Yet another run at reduce

Tue Jan 8 07:15:26 PST 2013

Here's a regular reducer that does a two-level groupBy with a downstream 
reducer:

     static <T, K, D, M extends Map<K, D>>
     Reducer<T, M>
     groupBy(Function<? super T, ? extends K> classifier,
             Supplier<M> mapFactory,
             Reducer<T, D> downstream) {
         return new MergingMapReducer<T, K, D, M>(mapFactory, 
downstream::combine) {
             @Override
             public void accumulate(M map, T value) {
                 K key = Objects.requireNonNull(classifier.apply(value), 
"element cannot be mapped to a null key");
                 downstream.accumulate(map.computeIfAbsent(key, k -> 
downstream.makeResult()), value);
             }
         };
     }

where this helper class defines the stuff common to all merging-map 
reducers:

     private static abstract class MergingMapReducer<T, K, V, M extends 
Map<K, V>> implements Reducer<T,M> {
         private final Supplier<M> mapFactory;
         private final BinaryOperator<V> mergeFunction;

         protected MergingMapReducer(Supplier<M> mapFactory,
                                     BinaryOperator<V> mergeFunction) {
             this.mapFactory = mapFactory;
             this.mergeFunction = mergeFunction;
         }

         @Override
         public M makeResult() {
             return mapFactory.get();
         }

         protected void accumulate(M map, K key, V newValue) {
             map.merge(key, newValue, mergeFunction);
         }

         @Override
         public M combine(M map, M other) {
             for (Map.Entry<K, V> e : other.entrySet())
                 map.merge(e.getKey(), e.getValue(), mergeFunction);
             return map;
         }
     }

And here's the concurrent version:

     static <T, K, D, M extends ConcurrentMap<K, D>>
     Reducer<T, M> groupBy(Function<? super T, ? extends K> classifier,
                           Supplier<M> mapFactory,
                           Reducer<T, D> downstream) {
         return new ConcurrentMapReducer<T, K, D, M>(mapFactory, 
downstream::combine) {
             @Override
             public void accumulate(M map, T t) {
                 D container = map.computeIfAbsent(classifier.apply(t), 
k -> downstream.makeResult());
                 if (downstream.isConcurrent()) {
                     downstream.accumulate(container, t);
                 }
                 else {
                     synchronized (container) {
                         downstream.accumulate(container, t);
                     }
                 }
             }
         };
     }

Or by examples, did you mean use examples?

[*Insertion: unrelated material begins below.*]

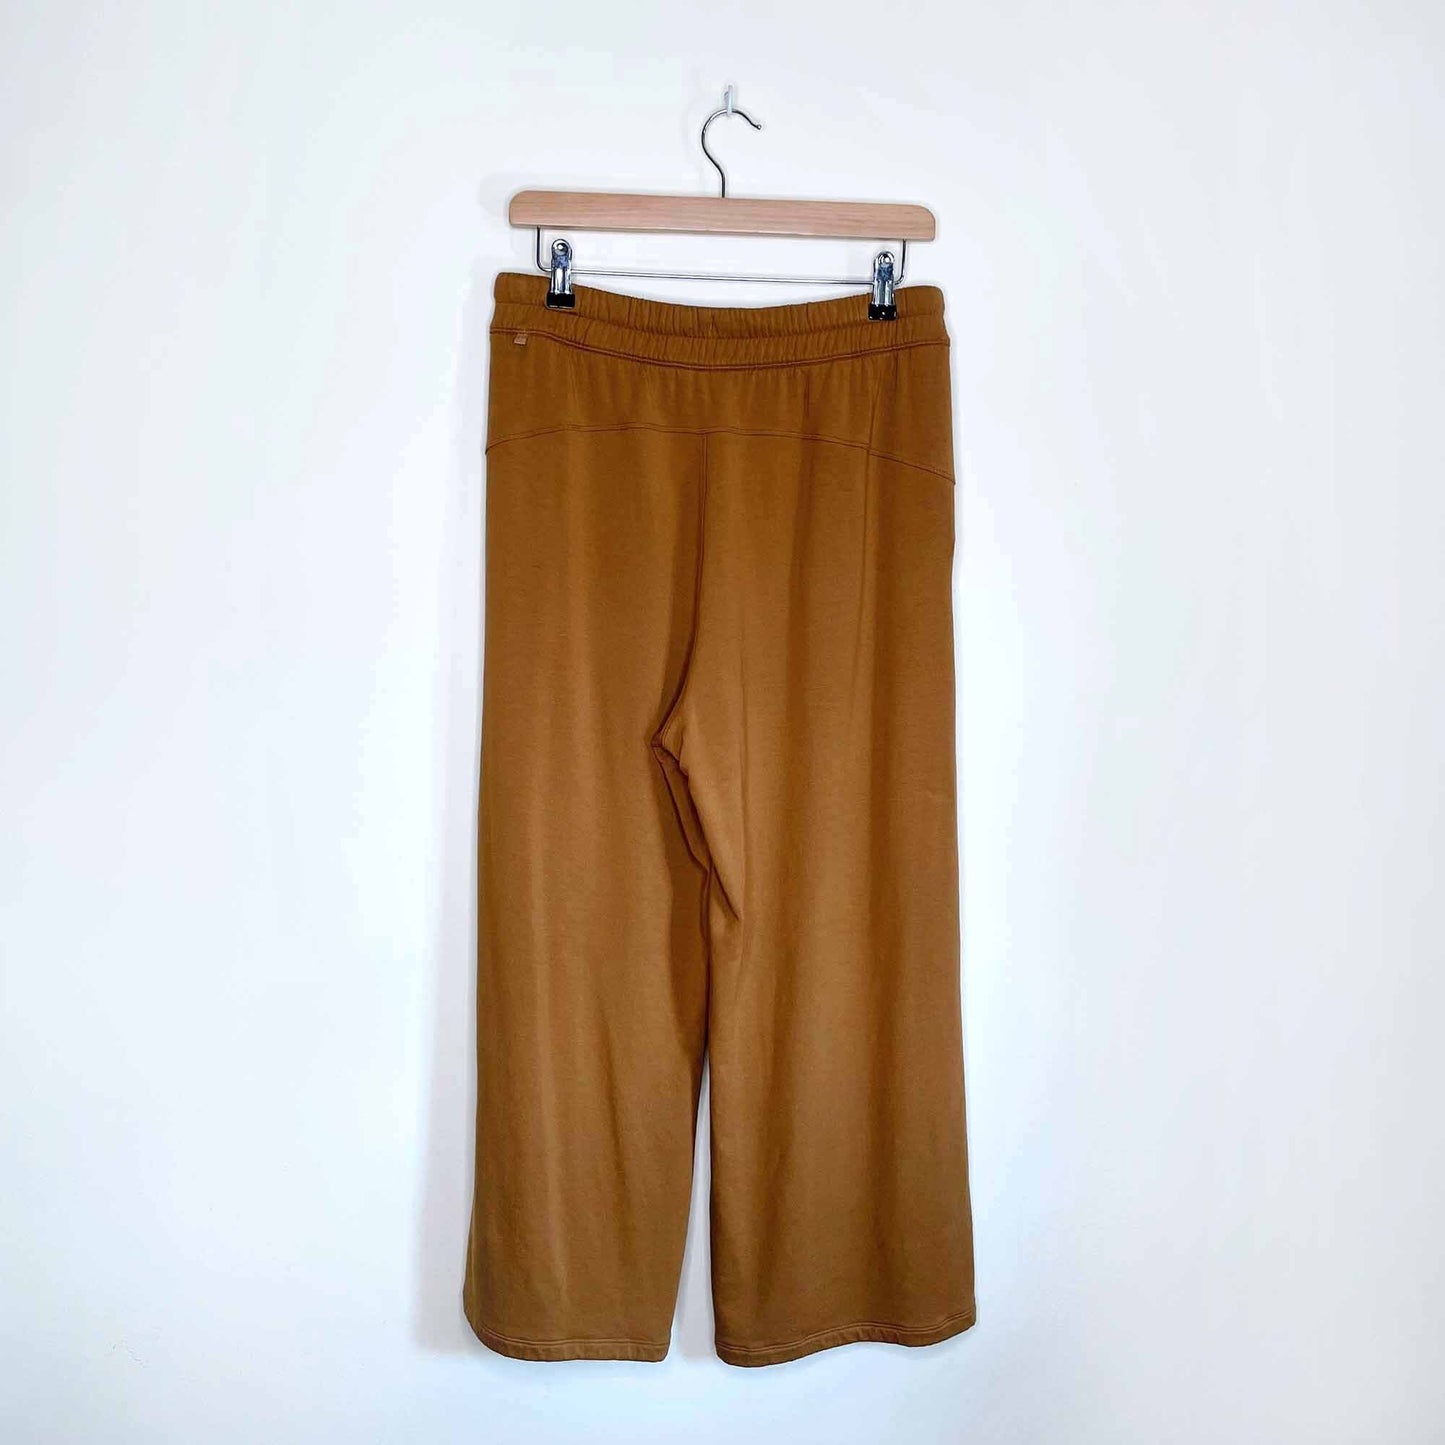 lululemon bound to bliss high rise 7/8 pant in spiced bronze - size 8

On 1/8/2013 9:41 AM, Tim Peierls wrote:
> Sounds great -- I'd be interested in seeing some basic examples of both
> types of reducer.
>
> --tim
>
> On Mon, Jan 7, 2013 at 8:31 PM, Brian Goetz <brian.goetz at oracle.com
> <mailto:brian.goetz at oracle.com>> wrote:
>
>     I think Doug and I made some progress on reduce forms today.
>
>     Recap: there are two ways to do a reduction to a mutable data
>     structure like a Map; a classic fold (where you create lots of
>     little maps, one per leaf of the computation tree, accumulate leaf
>     data into them in a thread-confined manner, then merge their
>     contents up the tree into one big map), and a concurrent bombardment
>     (where you create one big concurrent-safe map, and blast elements in
>     from many threads.)  Call these "A" and "B".
>
>     The requirement for A is that:
>       - your combining functions are associative
>       - you can create multiple containers
>       - you can incorporate a new element into a container
>       - you can merge containers in a way that satisfies the obvious
>     distributive requirement
>
>     If you meet these requirements, you can do a parallel A reduce that
>     respects encounter order.
>
>     The requirement for B is that:
>       - your combining functions are associative and commutative
>       - you can incorporate a new element into a container
>       - your container support concurrent incorporation
>
>     If you meet these requirements, you can do a parallel B reduce that
>     does NOT respect order, but may be faster (or slower, if contention
>     is high enough.)
>
>     Key observation: A "B" reducer can become an "A" reducer simply by
>     adding the merge ability, which is no harder than for regular A
>     reducers.
>
>     So rather than have A reducers and B reducers, we can have A
>     reducers and A+B reducers.  It's only marginally more work for B
>     reducer writers.
>
>     So...
>
>     public interface Reducer<T, R> {
>          boolean isConcurrent();
>          R makeResult();
>          void accumulate(R result, T value);
>          R combine(R result, R other);
>     }
>
>     A reducers return 'false' for isConcurrent; B reducers return 'true'.
>
>     What was Concurrent{Reducer,Tabulator,__Accumulator} goes away.
>
>     Now, in addition to the various forms of reduce(), we add overloaded:
>
>        reduce(Reducer)
>        reduceUnordered(Reducer)
>
>     You will get a B reduction if (a) you selected reduceUnordered and
>     (b) your reducer is concurrent.  Otherwise you will get an A reduction.
>
>     This is nice because the knowledge of properties of "user doesn't
>     care about order" and "target supports concurrent insertion"
>     naturally live in different places; this separates them properly.
>       The latter is a property of the reducer implementation; the former
>     only the user knows about and therefore should live at the call
>     site.  Each contributes their bit and can mostly remain ignorant of
>     the other; the library combines these bits, and if both are present,
>     you get a B reduction.
>
>     The reduceUnordered() method can be cast as an optimization to
>     reduce(); it is always correct to use reduce(), but may be faster to
>     use reduceUnordered(), as long as you are willing to forgo order and
>     the reducer is coooperative.
>
>     In neither case (assuming a properly implemented reducer) will you
>     ever get a thread-unsafe result; if you ask for an unordered
>     reduction with a nonconcurrent reducer, you get a safe ordered
>     reduction instead, which might be slower (or faster.)
>
>     Pros:
>       - ConcurrentReducer goes away
>       - .unordered() goes away
>       - Properly separates order-sensitivity from concurrency
>
>     Cons:
>       - Two variations on various aspects of reducing are surfaced in
>     the API (unordered and concurrent) that will make users say "huh?"
>     (but if you get it wrong /choose to stay ignorant you still get the
>     right answer.)
>
>     Implementation coming.
>
>